Todos tenemos puntos, si no necesariamente débiles, sí sensibles. Y no me refiero en esta ocasión a lo emocional, si no al cuerpo.
Recuerdo que desde niño, cuando me tiraba a tomar el sol en traje de baño, sentía esta imperiosa necesidad de cubrirme el ombligo. Todavía hoy, lejos de poder dejar mis brazos relajados a los lados de mi cuerpo mientras el sol me pega, o de acomodarlos de tal forma que los dedos de mis manos se entrelacen detrás de mi nuca a manera de una despreocupada almohadilla, me surge este apuro de ponerlas sobre mi ombligo para protegerlo, aún no sé de qué.

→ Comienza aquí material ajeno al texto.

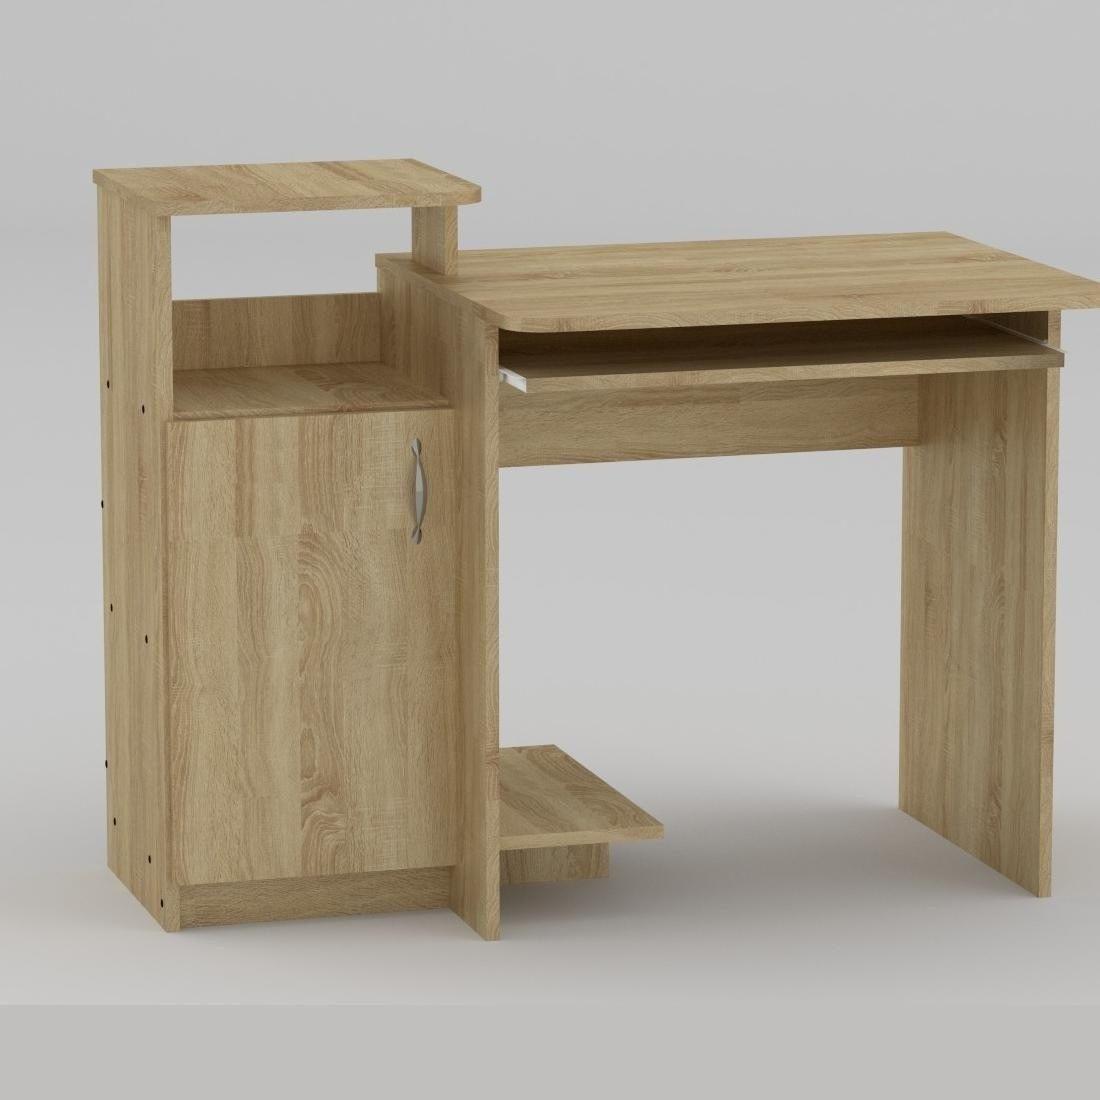 Компьютерный стол Компанит СКМ-2 1102х600х750 мм дуб сономе

Es una de esas curiosas ideas que de repente se instalan para siempre en una cabeza sin dar una razón. Lo único que se me ocurre responder cuando alguien se percata de mi inofensiva psicosis y pregunta por qué me recuesto así, es que mi ombligo es sagrado.
Nunca suelo tocarlo, ni a mí me lo permito. A tal grado llega desde entonces mi aversión que cada vez que Estetoscopio Medina Chaires, entrañable personaje de Víctor Trujillo en La Caravana, se hurgaba a cámara el suyo, yo me retorcía de ansiedad.
Sin embargo, hace unos diez años que empecé a correr con más intensidad, un día noté una minusculísima protuberancia justo en el borde inferior de mi suspicaz ombligo, una bolita casi microscópica. Primero quise creer que se trataba de mi imaginación, pero cuando me animé a palparlo, comprobé que ahí había algo y fui al doctor.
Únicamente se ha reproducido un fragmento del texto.